EXERCISE DETAILS –
Give back the exact lines of the material below from the one containing "SPRAYGROUND: backpack in" through the one containing "MVC (Model-View-Controller) Definition", and no pictures.

START RECORDED INFORMATION

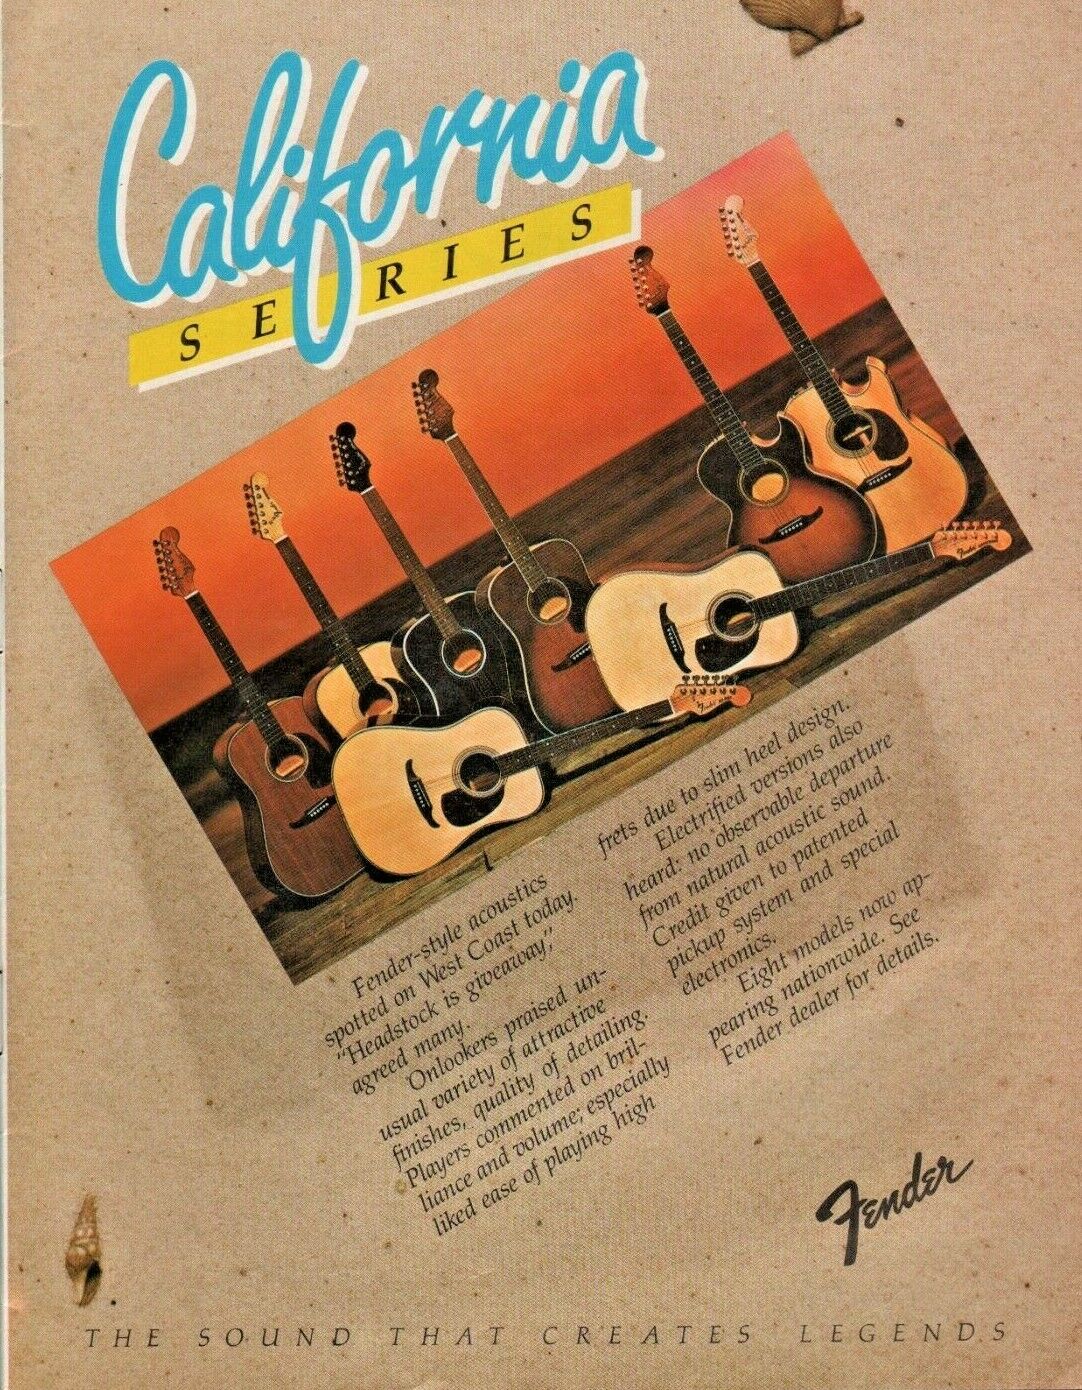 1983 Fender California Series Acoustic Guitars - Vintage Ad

END RECORDED INFORMATION
START RECORDED INFORMATION

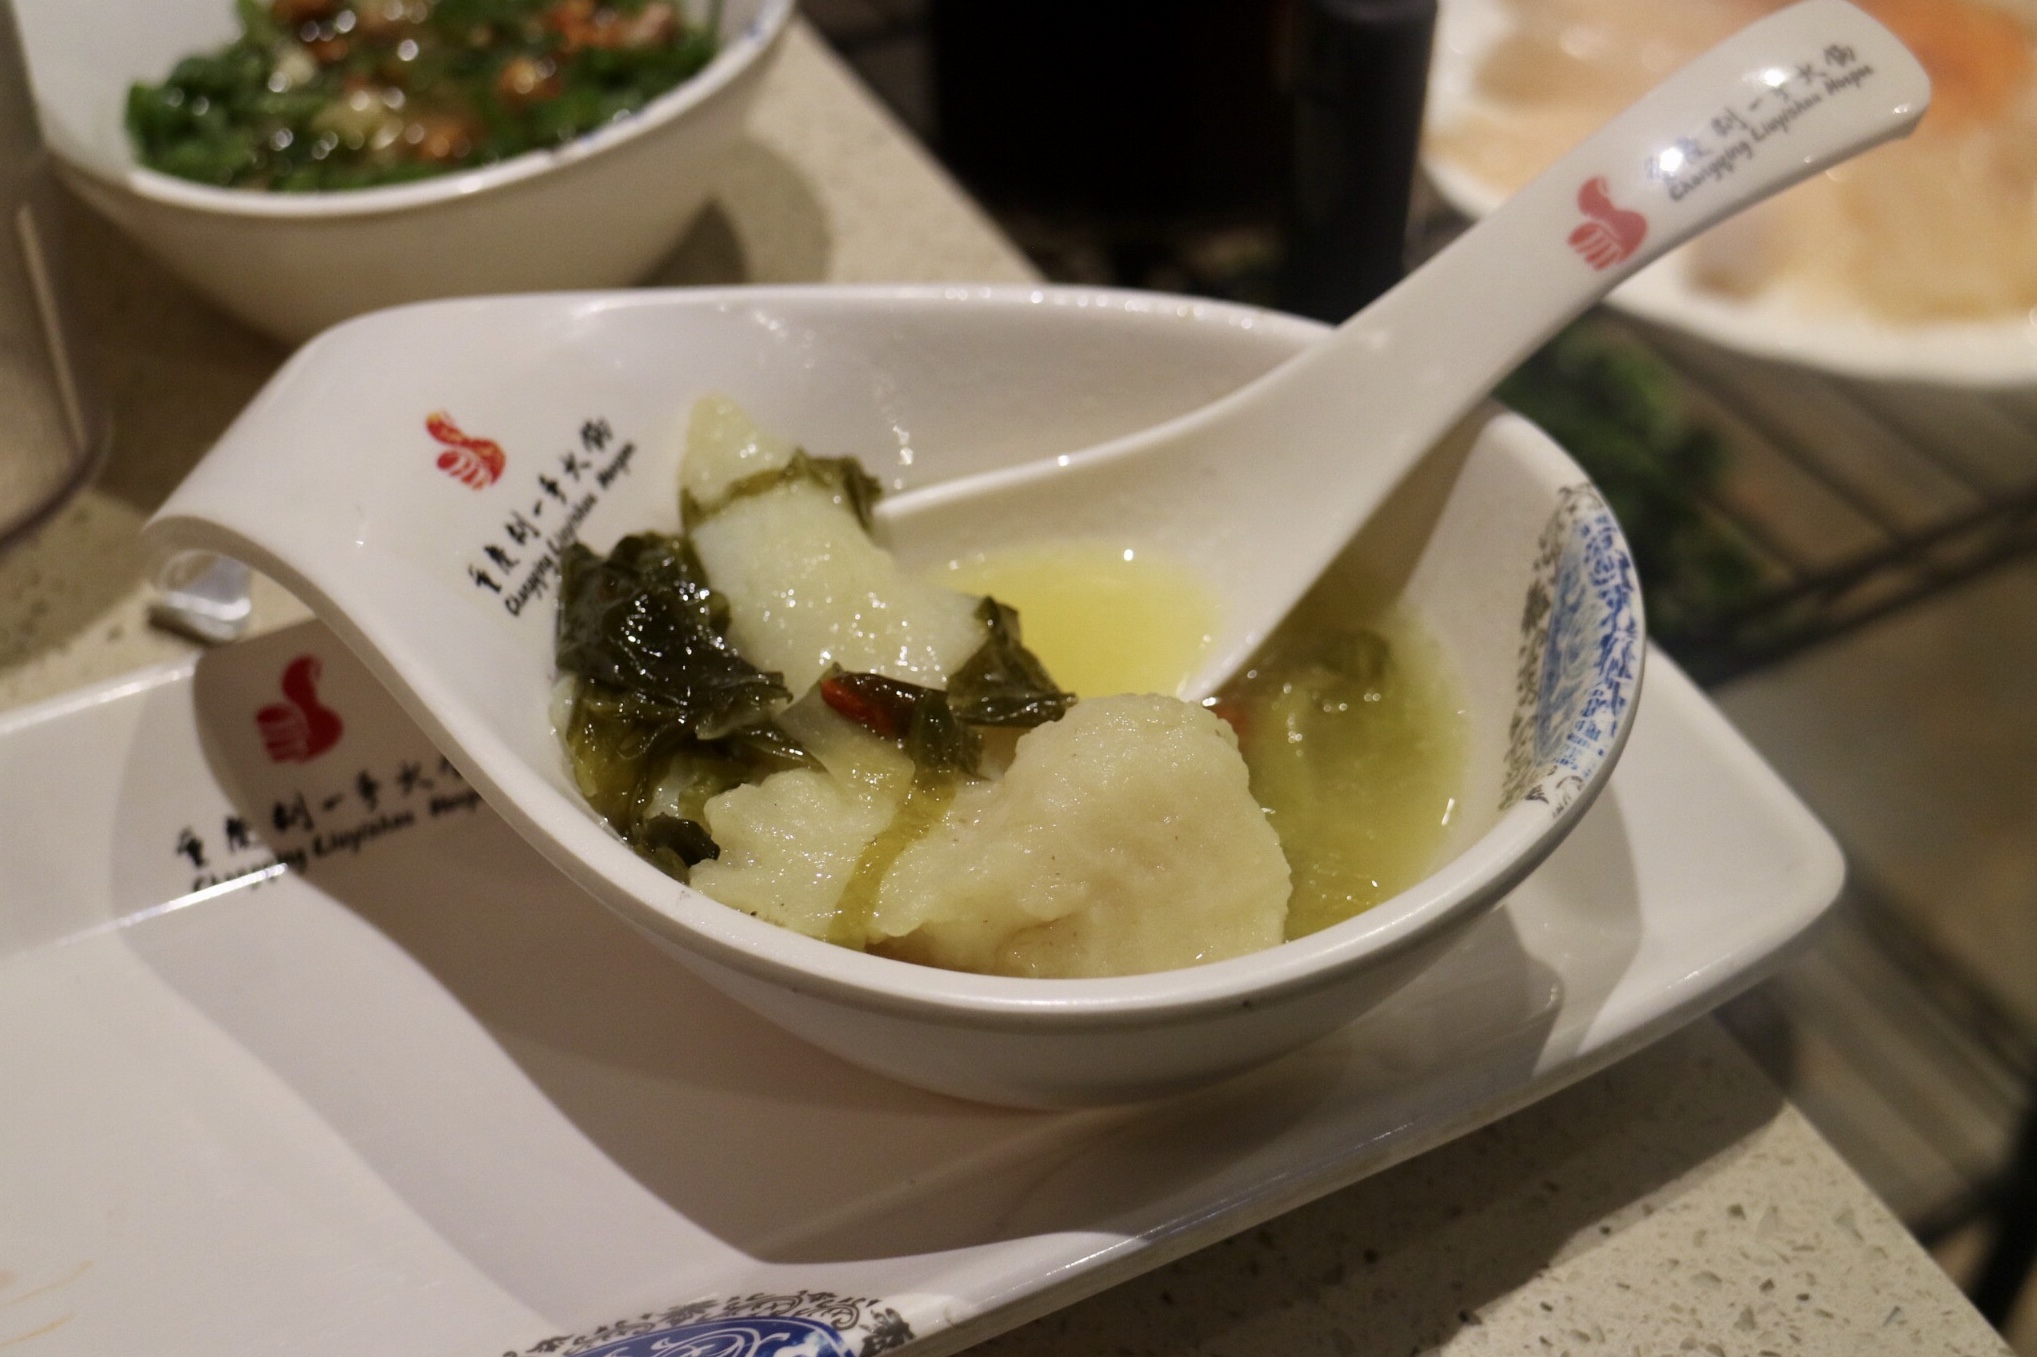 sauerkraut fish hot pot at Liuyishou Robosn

END RECORDED INFORMATION
START RECORDED INFORMATION

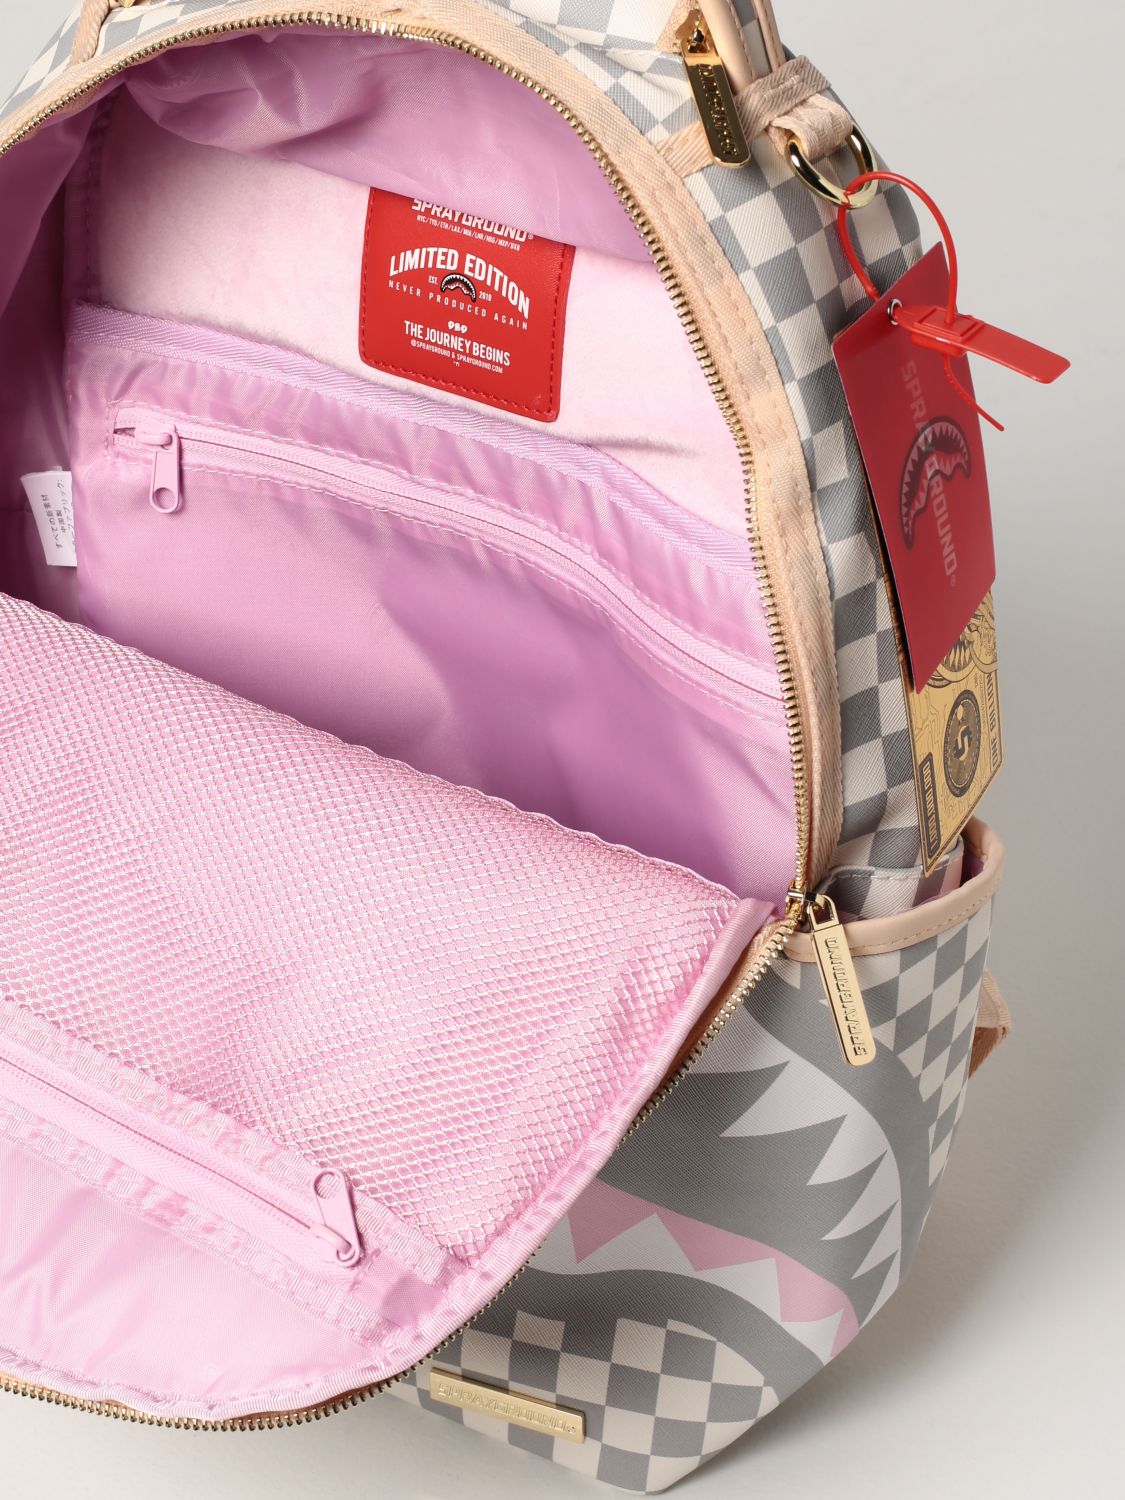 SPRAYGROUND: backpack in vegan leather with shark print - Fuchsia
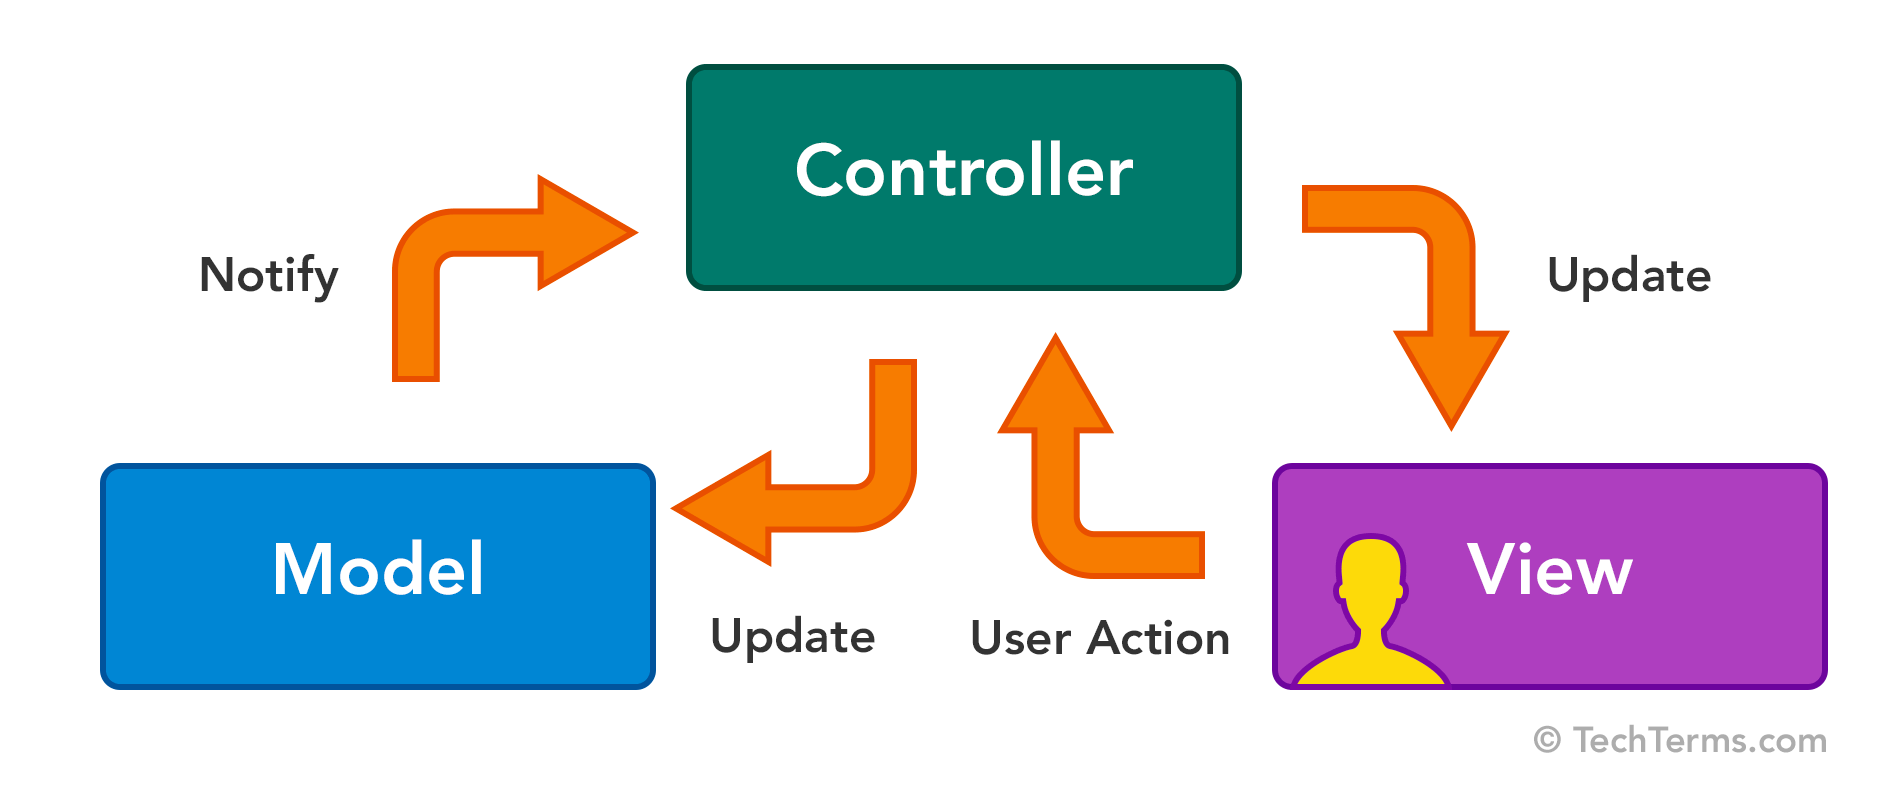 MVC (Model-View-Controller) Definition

END RECORDED INFORMATION

EXPECTED ANSWER –
 SPRAYGROUND: backpack in vegan leather with shark print - Fuchsia
 MVC (Model-View-Controller) Definition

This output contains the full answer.